Now for something completely different: Truffle Hunting. These fungi are rare and as such really expensive found only in certain regions of the world. Croatia and particularly Istria is one of these. Always underground near the roots of oak trees; traditionally pigs were used to find them but these days dogs are preferred as they are easier to control. Pigs go wild for truffles. A good morning’s hunting may yield 2-4 truffles maybe 2-3 inches across. If you’re interested, truffle-hunting companies abound, easy to find – guaranteed a traipse through Istria’s woods, and maybe find a truffle or two to shave onto your breakfast eggs. If however, you want a professional dish, check out the 1-star Michelin restaurant, Zigante in the town of Livade, just a few miles north of Motovun. Have some truffles…with everything…be prepared to pay outrageous prices. Most black truffles found will weigh a couple of ounces, on display is a repro of a gigantic white truffle weighing 1.3 kilos, found near Buje. At the time, as the largest truffle found, it entered the Guinness World Records collection.

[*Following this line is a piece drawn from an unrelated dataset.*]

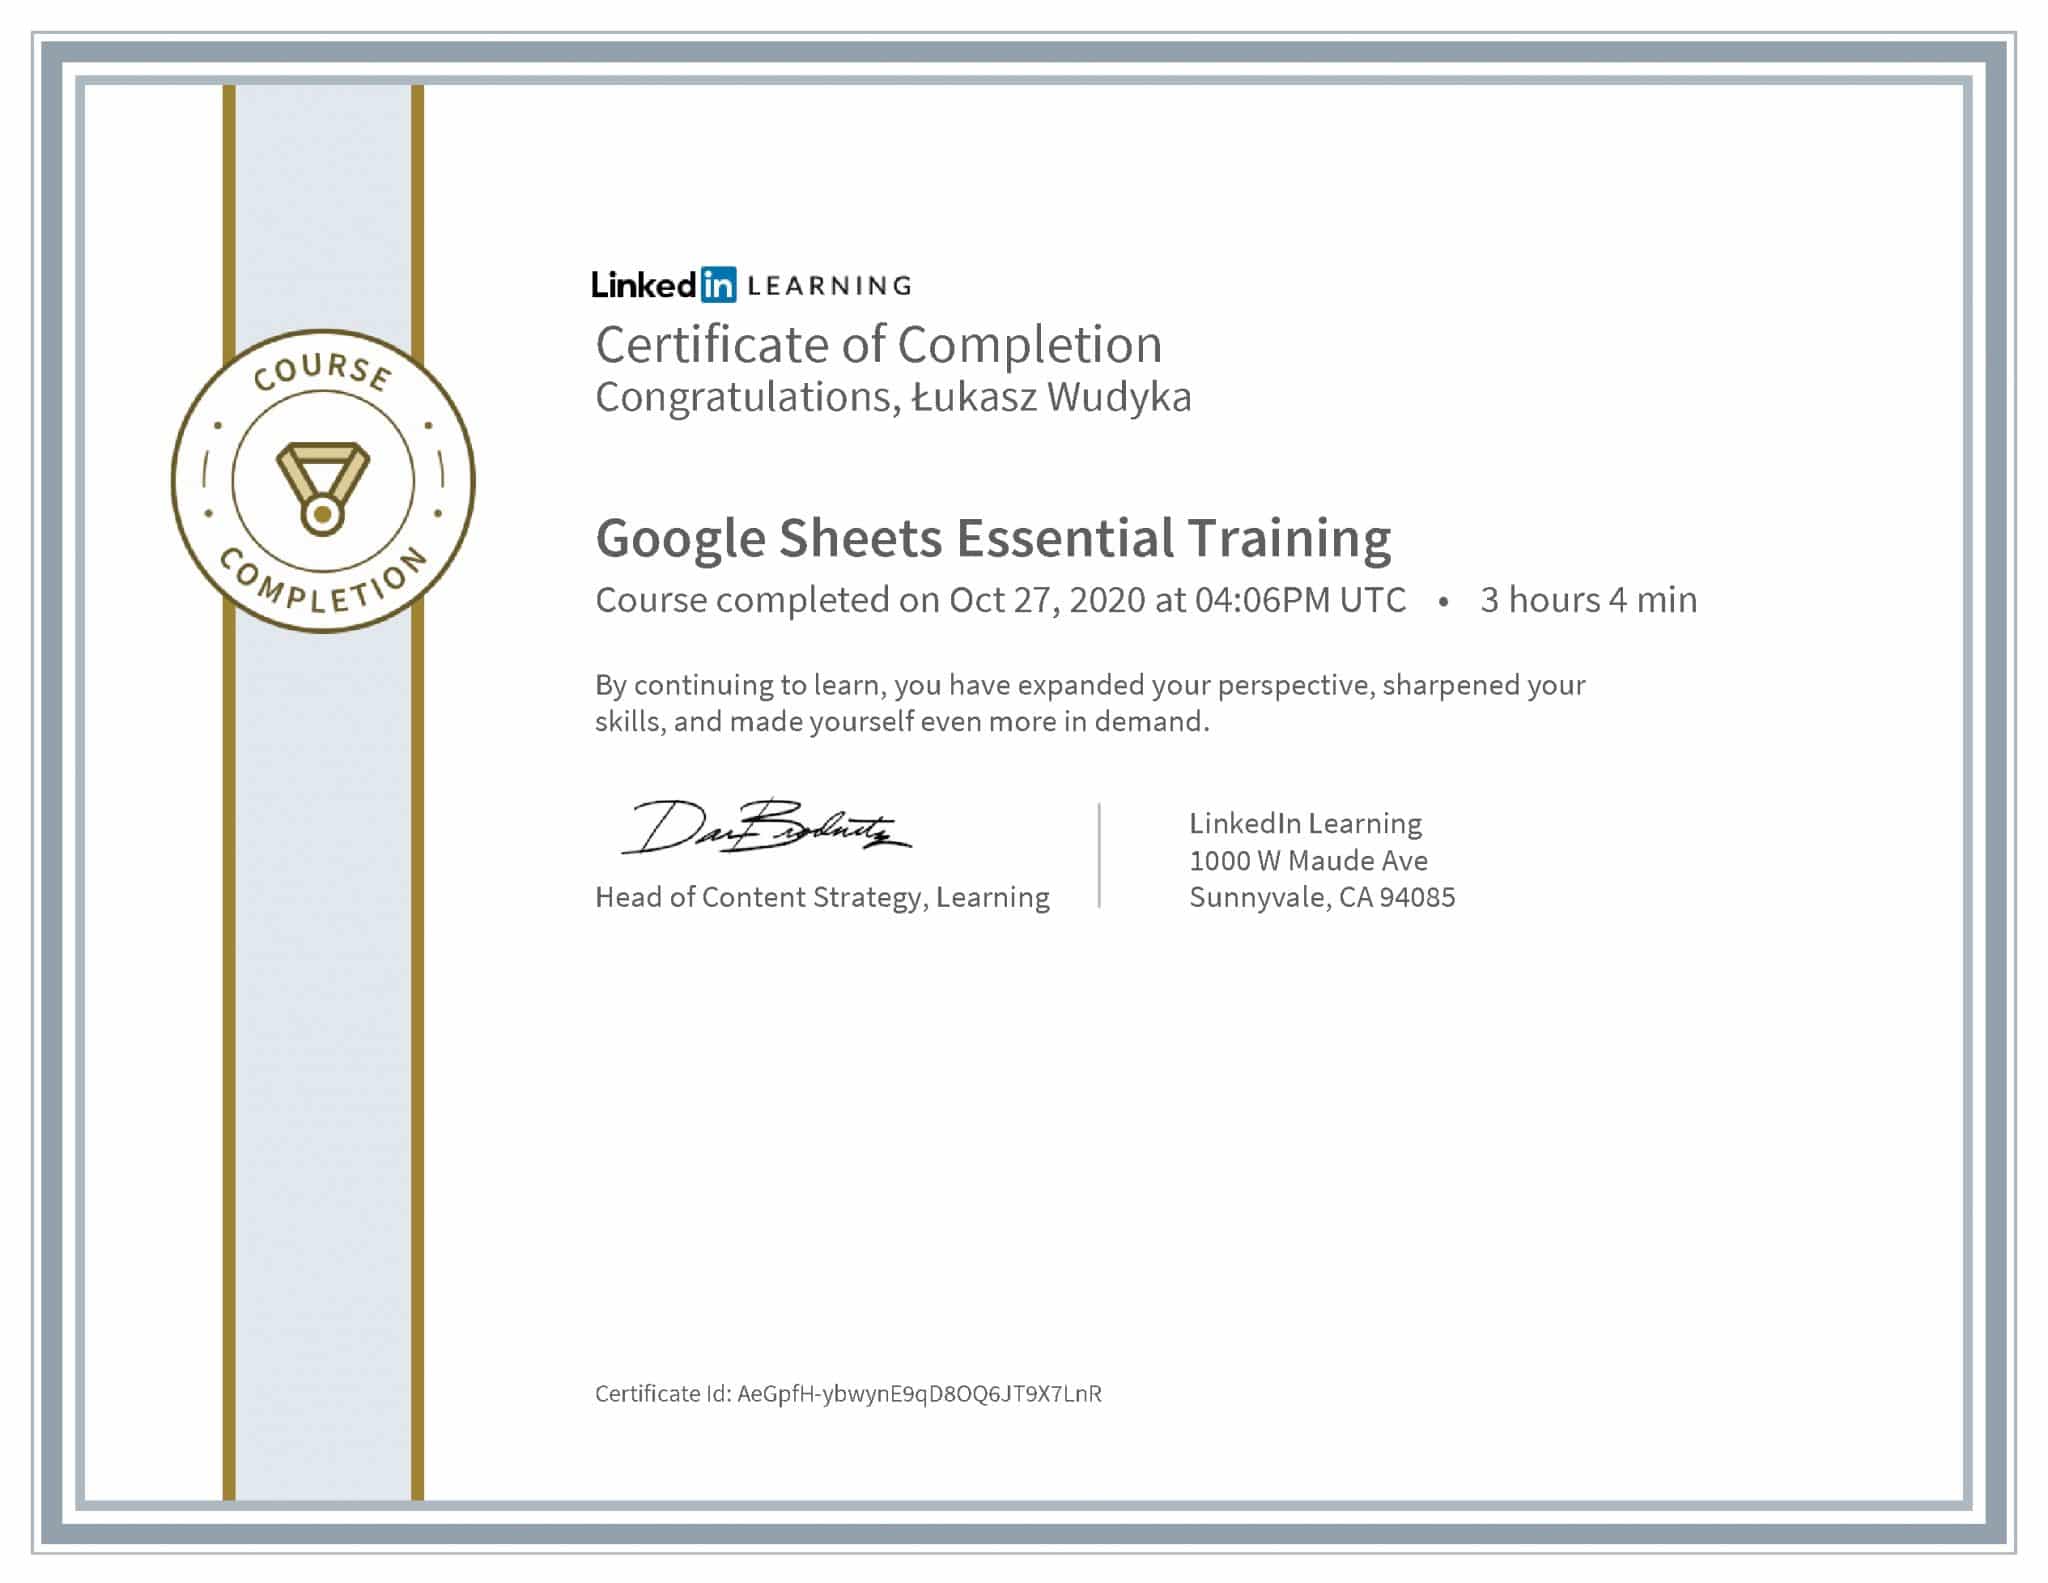 Łukasz Wudyka certyfikat LinkedIn Google Sheets Essential Training

It was found by Giancarlo Zigante’s dog, yes the same Zigante. Since then a 1.5 Kg white truffle sold for $300,000.
All of which brings us to Motovun, a majestically situated, picture-perfect hilltop town, just a bit north-east of Porec, in the centre of truffle country. No cars allowed, and quite a trek to the church (where else?) from the parking lot, get there early… and the top of the town still has its walls. Great for wandering its maze of streets, great view from the lookout/restaurant – why not – its lunchtime, have a risotto…with truffles.
Nearby, on the same day, you should visit Groznjan, another medieval hilltown, a center of culture, an artists’ town, that starts to buzz in May and doesn’t stop until the fall. The streets and squares metamorphose into venues for music, dance, drama workshops – an artistic beehive, master classes with experts and well-known teachers. The town is photogenic ‘au but’ (as h*ll), some of the cobbled streets are not only steep, but angled to one side as well!!

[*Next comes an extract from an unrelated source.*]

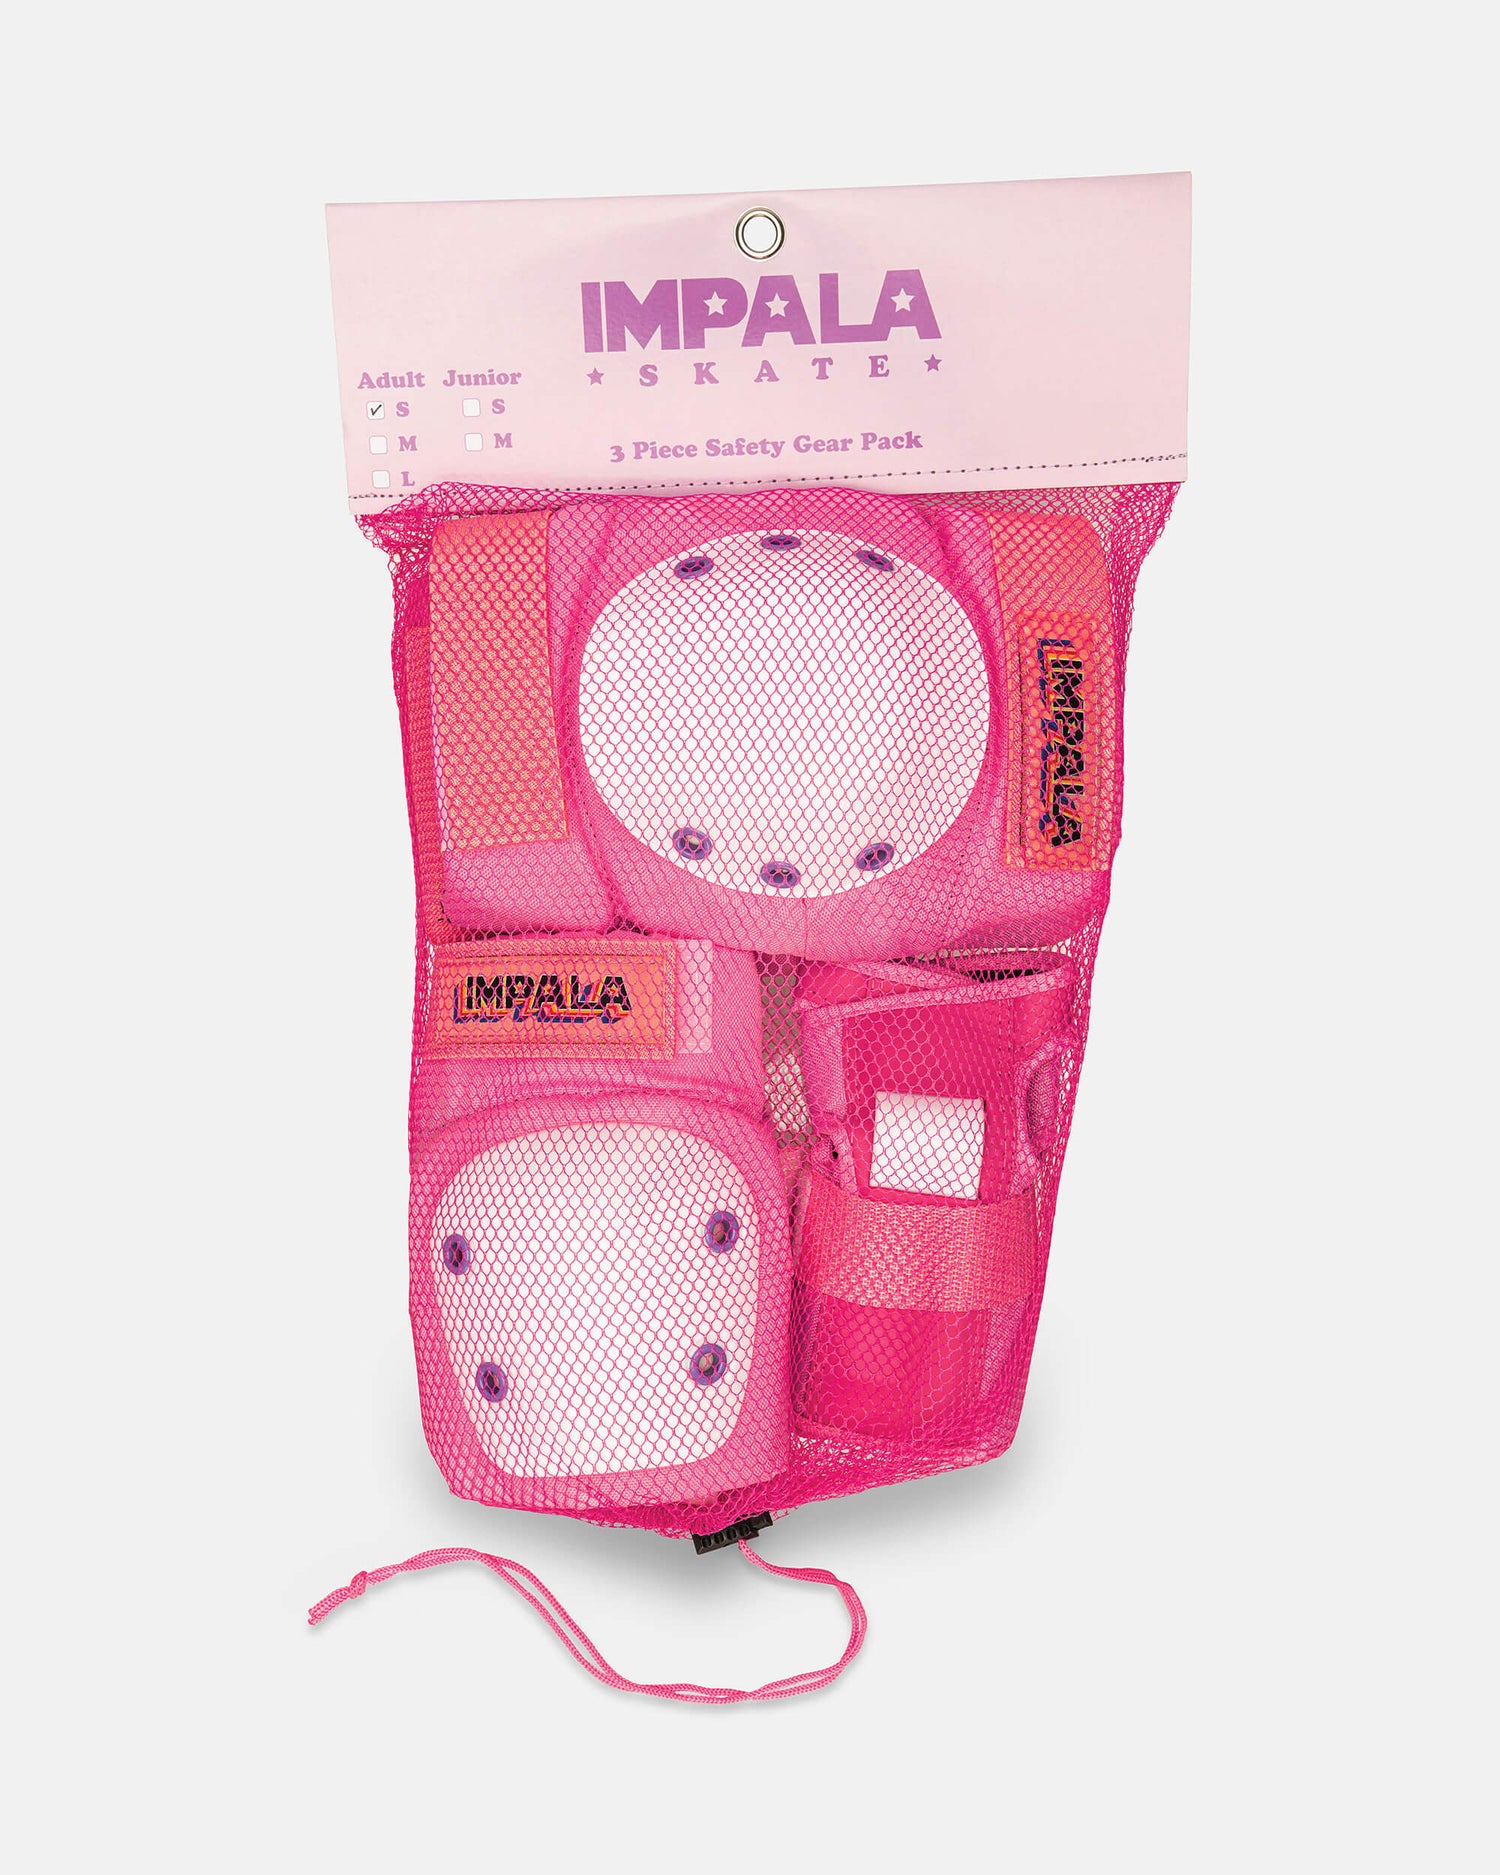 Impala Adult Schutzausrüstung Pack - Pink

Lastly, I should mention Stancija Collis, a winery a bit south-east of Rovinj, where you can taste four different local wines, including the indigenous teran, sample their home grown and pressed olive oil, and taste some, ahhh, donkey milk. In Pula, if you’re interested, there is a museum(?) of Istrian olive oils and, of course, a guided tasting.
And with that, I’ll leave you to go look for some Croatian wines and olive oil in your home town - good luck. Come to Istria, forget Dubrovnik. Dovidenja.